The earliest known reference to poker in American literature occurs in the memoirs (1829) of Joe Cowell, a touring English actor. From his description it is clear that the original American game was played with a pack of cards that included five cards for each player; all the cards were dealt, and the players bet on who had the best five-card combination. So played, poker is virtually indistinguishable from an older Persian game called as nas, a four-hand game played with a 20-card pack, five cards dealt to each player. This coincidence led some students of games to call poker a derivative of as nas, but this theory has been discredited.
By 1834, the date of the second known reference to poker, the game had been adapted to the modern 52-card deck. No description of poker is given in any book of the rules of games before 1858, but, in such books published in the 1860s, it is not characterized as a new game. The history of the game since then consists entirely of new features introduced to encourage freer betting: the straight, introduced as an additional valuable hand; the draw, so that players might stay in even when not originally dealt good hands; stud poker, to increase the number of opportunities for betting; and the jackpots, originally applying only to a pot to which each player antes, creating an unusually large pot at the start. Most of the innovations came in the decade 1861–70 and probably were engendered in the great amount of poker played by soldiers on both sides in the Civil War. Poker was a favourite in saloons throughout the American “Wild West” during the 1870s and ’80s, and, contrary to Hollywood movies, the games rarely led to shoot-outs over accusations of cheating.
The spread of poker to other countries probably began in 1871, when Colonel Jacob Schenck, the U.S. minister to Great Britain, explained the game to a group of gentlemen that included members of the British court. Queen Victoria heard about the game and expressed interest, whereupon Schenck wrote and had privately printed (1872) a set of rules to send to her. This is the earliest known work devoted exclusively to poker, although the game had previously been treated in compendiums. Poker was already sufficiently identified with the United States so that Schenck described it as “our national game.” However, this may have been only because all other card games played in the United States were undeniably of European origin. Although poker had a brief vogue in British court circles in the 1870s, its widespread acceptance in Great Britain and on the Continent came chiefly in the decade 1911–20 and was undoubtedly much influenced by the American Expeditionary Force in World War I.

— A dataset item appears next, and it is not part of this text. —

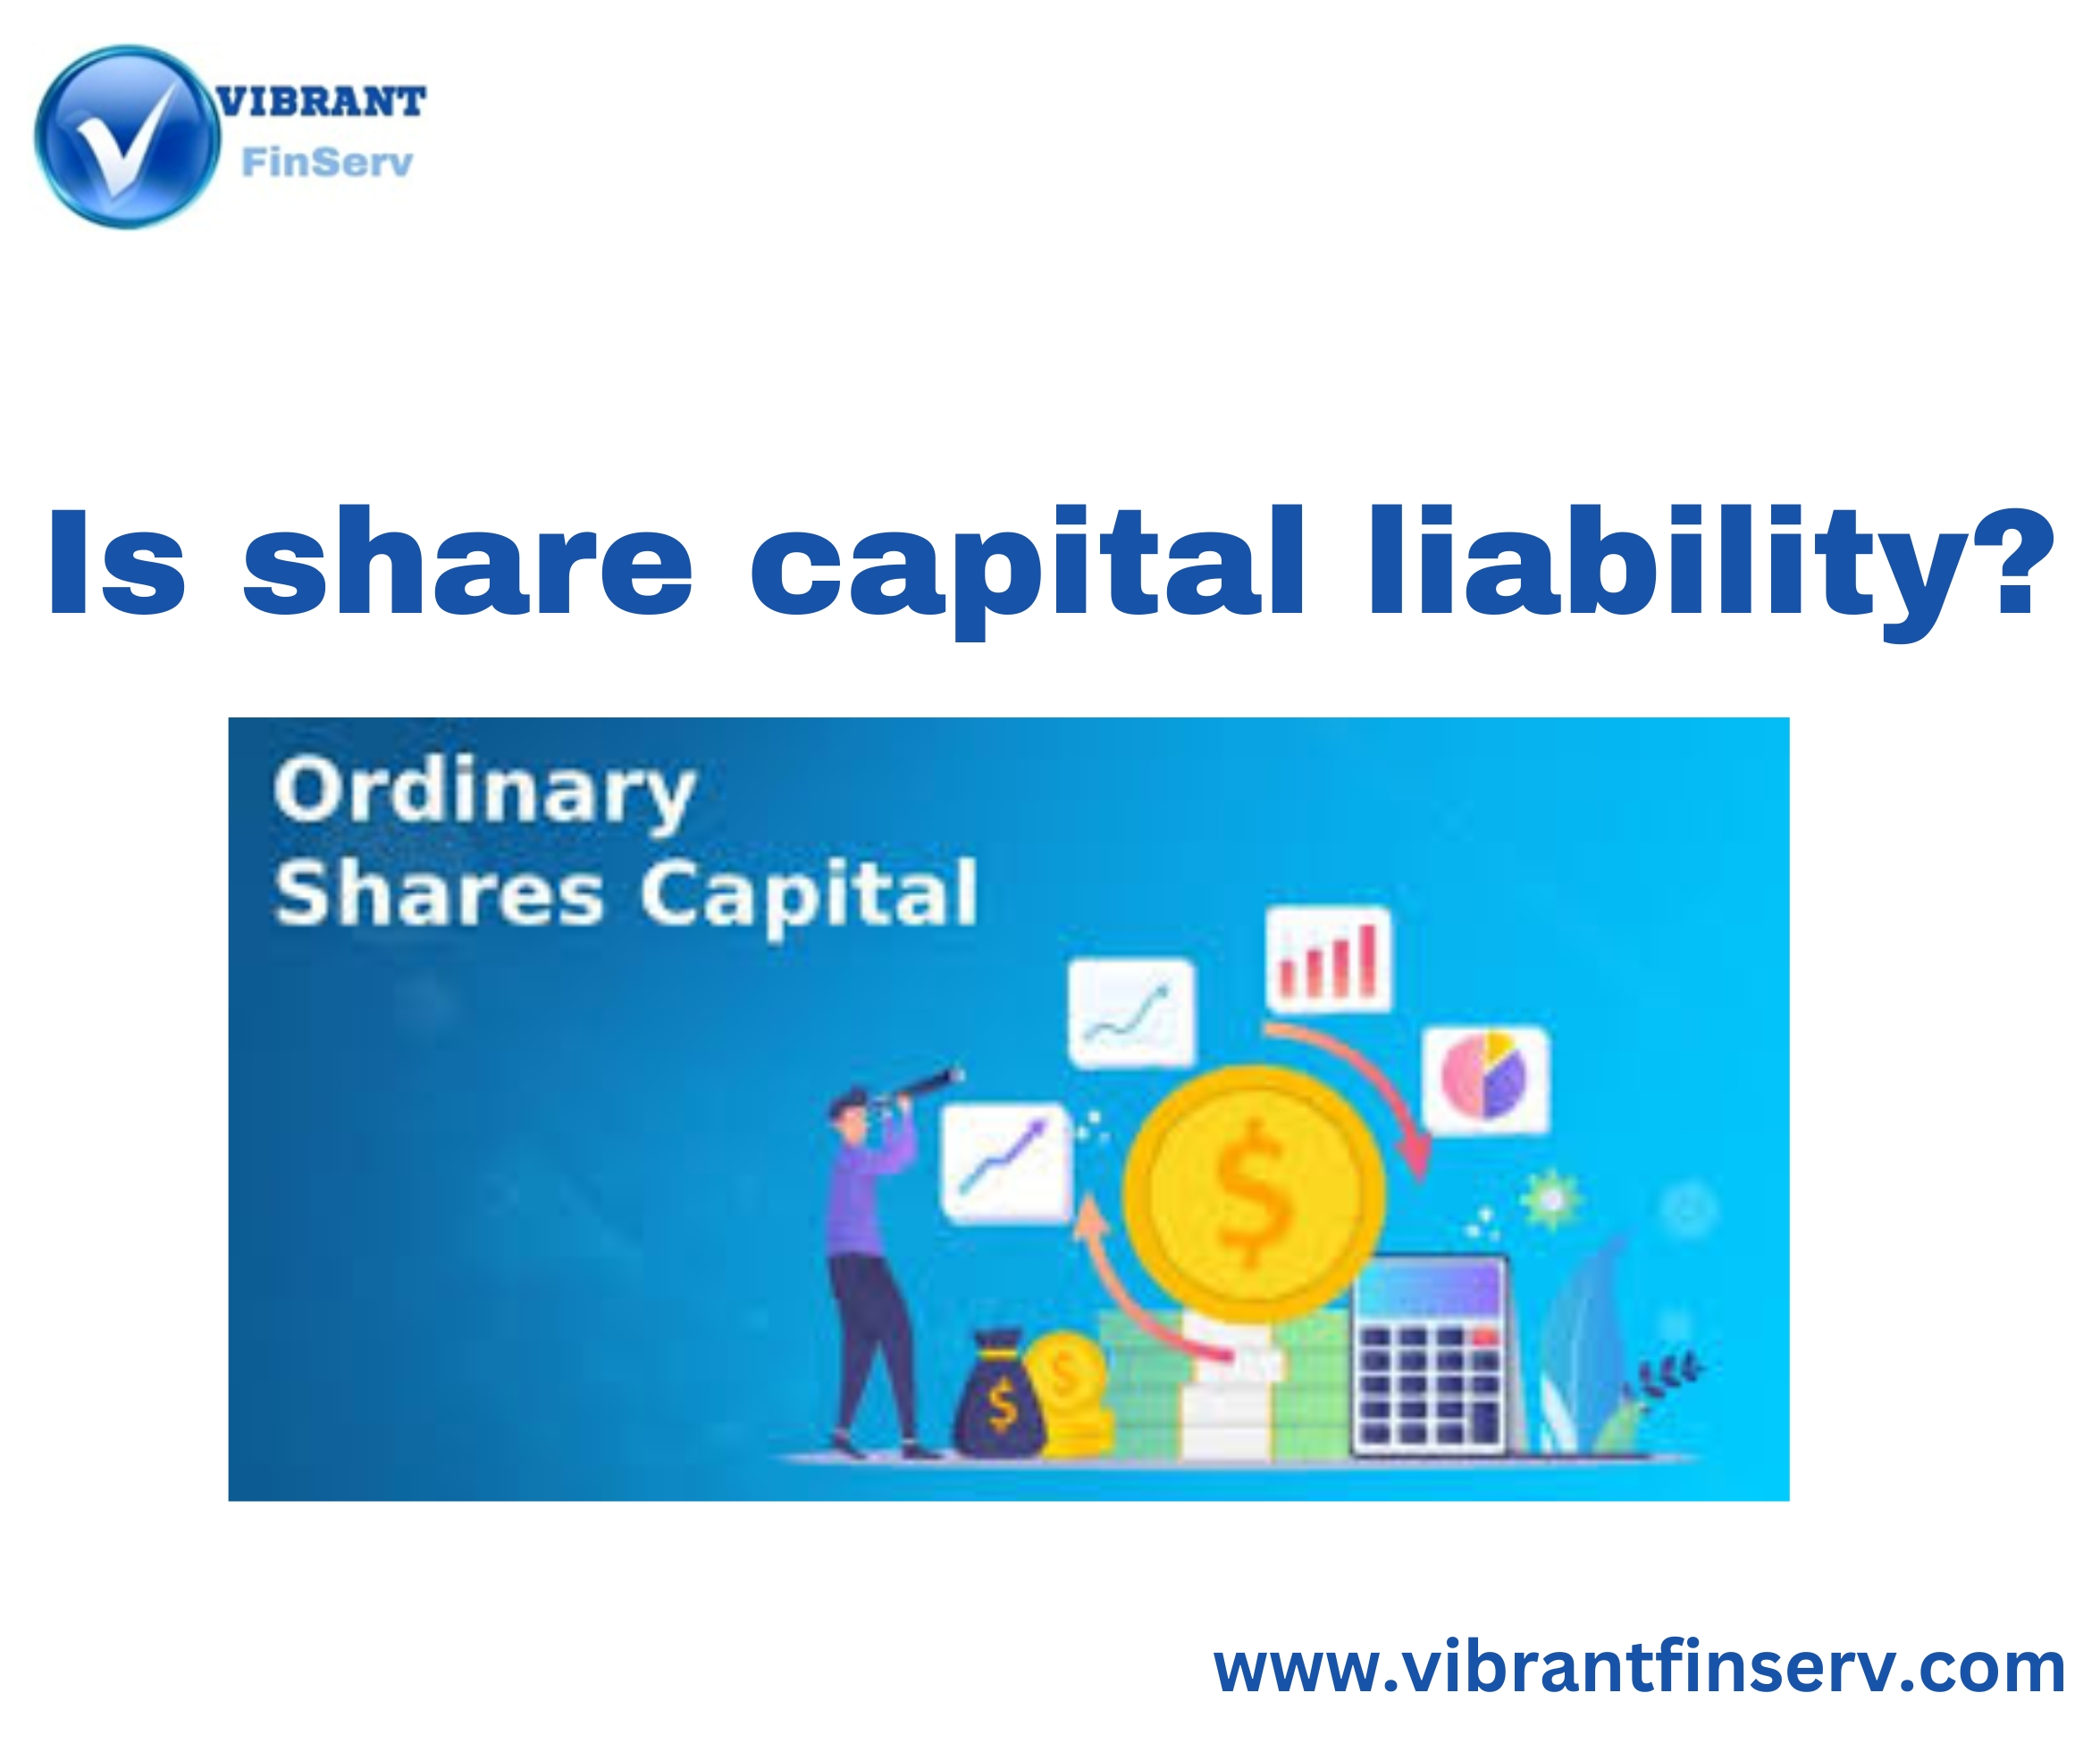 Share Capital Liability
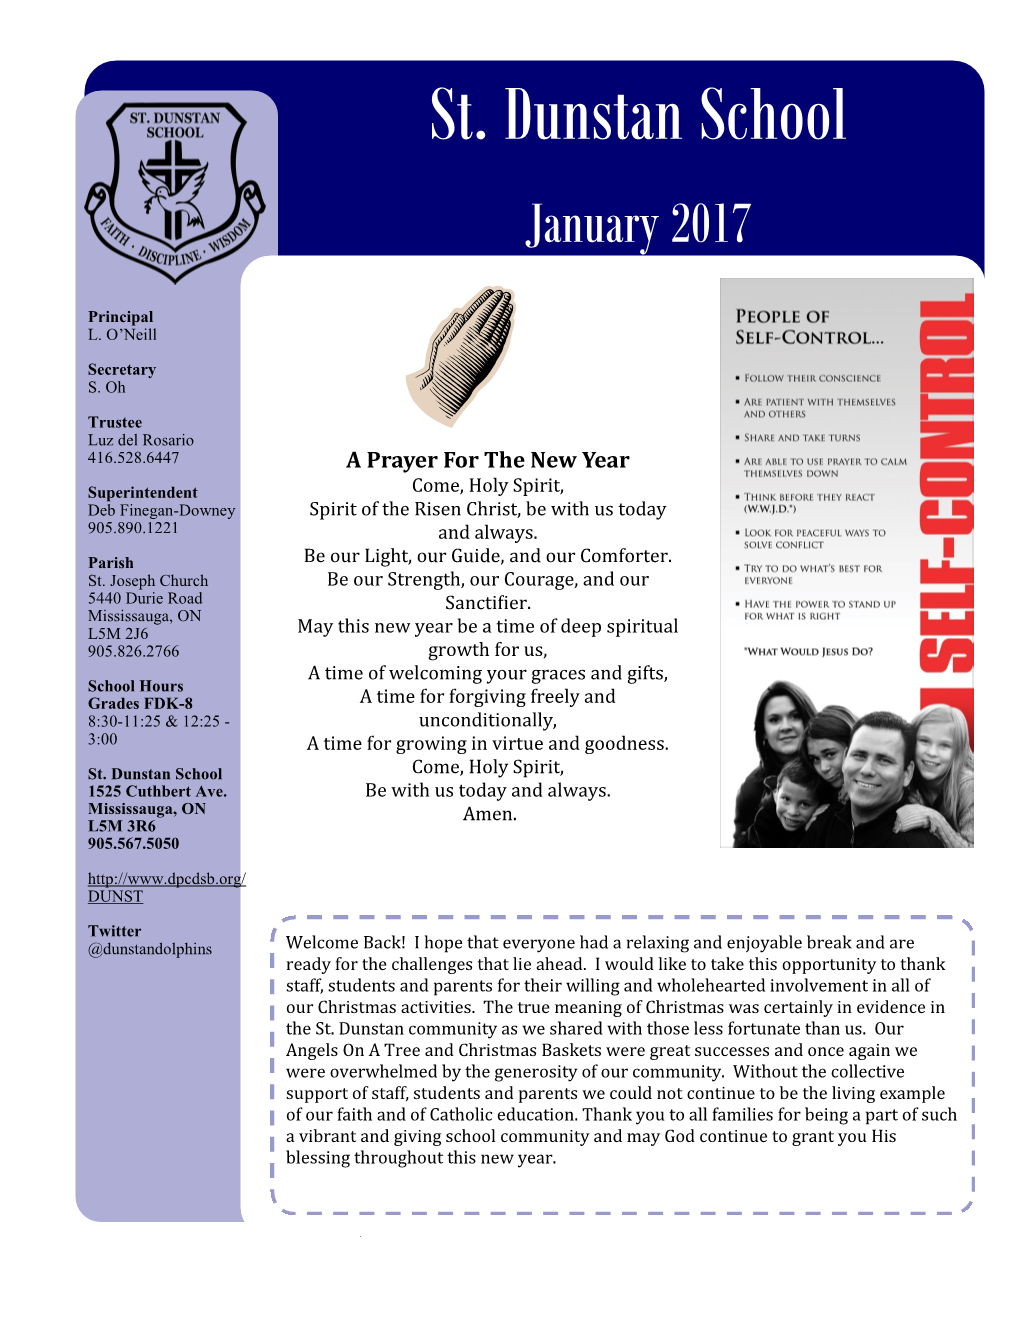 St. Dunstan School January 2017

For nearly 100 years in the United States, poker was considered a gambling game of men—unsuited to polite or mixed gatherings—but after the 1920s its popularity extended to both sexes and all levels of society. Surveys conducted in the middle of the 20th century showed poker to be the favourite card game of American men and the third most-favoured (after rummy and bridge) of American women, and in Great Britain it ranked next after contract bridge with both sexes.